Optional addition of species assignment: 
taxa.rdp <- addSpecies(taxa.rdp, "/Users/ward56/Documents/seqproc/tax/rdp_species_assignment_16.fa.gz")

SILVA assignment: 
taxa.slv <- assignTaxonomy(seqtab.nochim, "/Users/cward/Documents/seqproc/tax/silva_nr_v132_train_set.fa.gz", multithread=TRUE) # replace file path with the path to your downloaded training set
taxa.slv.print <- taxa.slv # Removing sequence rownames for display only
rownames(taxa.slv.print) <- NULL
head(taxa.slv.print)
Databases appropriate for use with 16S (prokaryotic) data: 
SILVA (version 138.2+) https://zenodo.org/records/14169026 
RDP (RDP release 19+) https://zenodo.org/records/14168771 **also includes an assignSpecies training set

Taxonomy assignment for 18S data using PR2: 
PR2 assignment: 
taxa.pr2 <- assignTaxonomy(seqtab.nochim, "path/to-downloaded-pr2-database", multithread = TRUE, taxLevels = c("Domain","Supergroup","Division","Subdivision", "Class","Order","Family","Genus","Species")) 

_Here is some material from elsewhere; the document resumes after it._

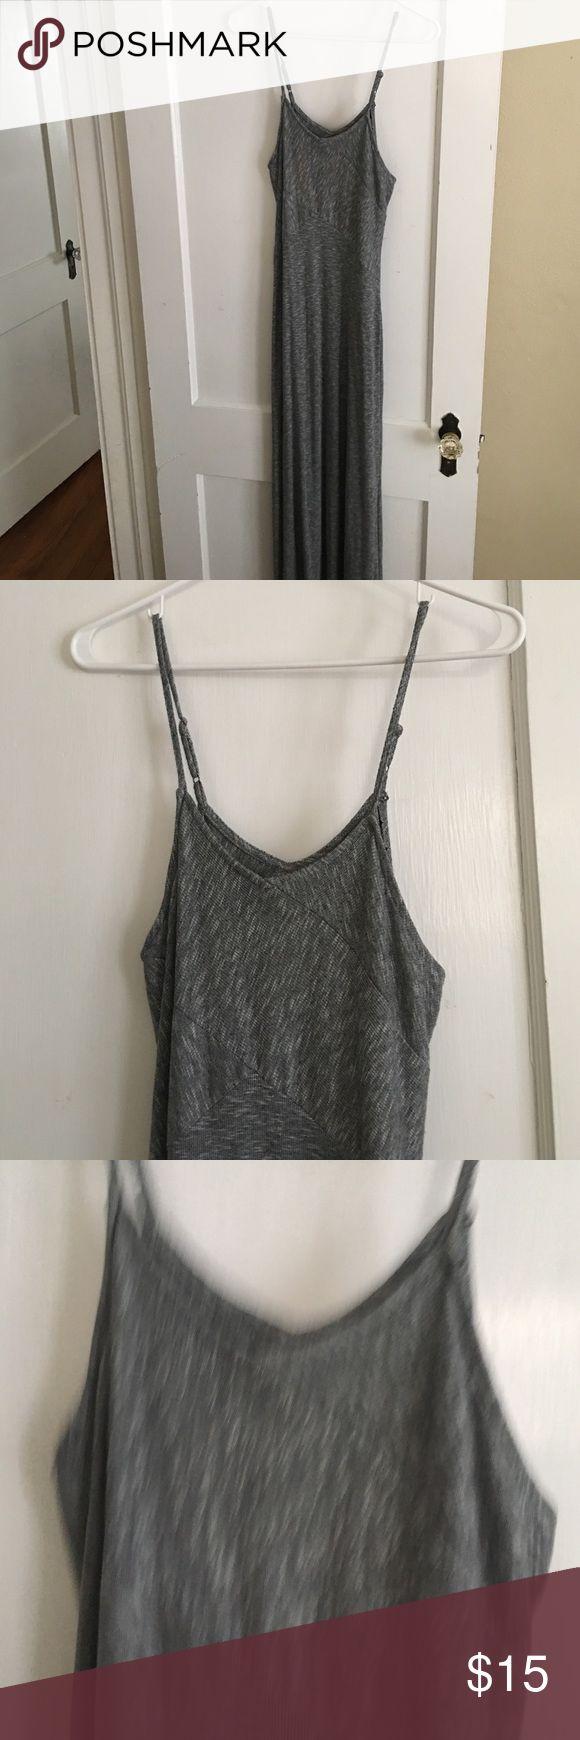 V neck grey maxi dress V neck adjustable strap grey maxi dress. Worn once. Mossimo Supply Co Dresses Maxi

taxa.pr2.print <- taxa.pr2 
rownames(taxa.pr2.print) <- NULL 
head(taxa.pr2.print) 
Databases appropriate for use with 18S (eukaryotic) data: 
PR2 (version 5.0.0+) https://github.com/pr2database/pr2database/releases 
Important note: PR2 has different taxLevels than the dada2 default. When assigning taxonomy against PR2, use the following code in the assignTaxonomy function (for PR2 v5.0.0+): 
assignTaxonomy(..., taxLevels = c("Domain","Supergroup","Division","Subdivision", "Class","Order","Family","Genus","Species"))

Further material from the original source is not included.